LLM Generated explanations, may be completely bogus:

This confirms: `snd_compr_ioctl_avail` calls `snd_compr_calc_avail`
(line 267) which calls `snd_compr_update_tstamp` **before** the state
check at line 275. So even the AVAIL ioctl triggers the `->pointer()`
callback before checking state. The fix in `snd_compr_update_tstamp`
itself properly guards *both* paths (TSTAMP and AVAIL).

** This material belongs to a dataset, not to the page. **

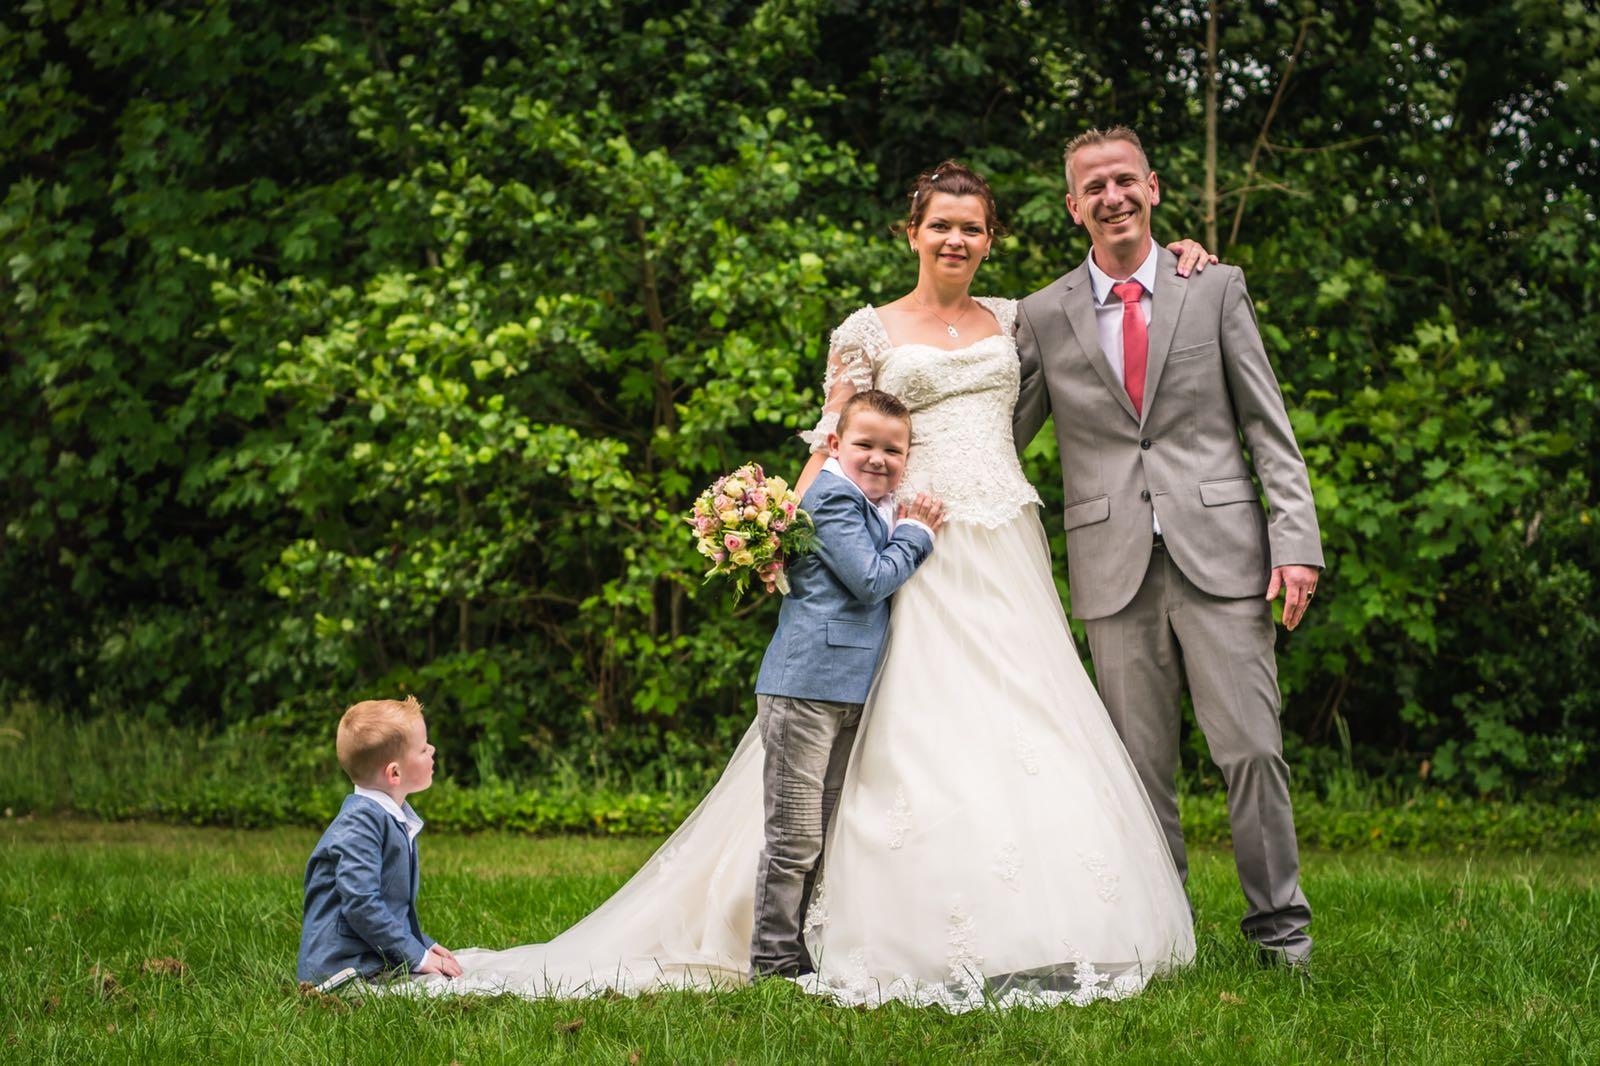 77b45b5b00ad16 We hebben veel complimenten mogen ontvangen op de bruiloft en het was een  prachtige dag! Nogmaals bedankt!

Now let me finalize the analysis.

---

## PHASE 1: COMMIT MESSAGE FORENSICS

**Step 1.1: Subject Line**
- Subsystem: `ALSA: compress`
- Action verb: "Refuse" (defensive/preventive - indicates preventing
  incorrect behavior)
- Summary: Refuse timestamp updates for streams that haven't been
  configured yet.

Record: [ALSA: compress] [Refuse] [Prevent timestamp update on
unconfigured streams]

**Step 1.2: Tags**
- `Signed-off-by: Mark Brown <broonie@kernel.org>` - Author is the ASoC
  subsystem maintainer
- `Acked-by: Vinod Koul <vkoul@kernel.org>` - Vinod Koul is the original
  compress_offload author
- `Signed-off-by: Takashi Iwai <tiwai@suse.de>` - Takashi Iwai is the
  ALSA top-level maintainer
- `Link:` to patch.msgid.link (the submission)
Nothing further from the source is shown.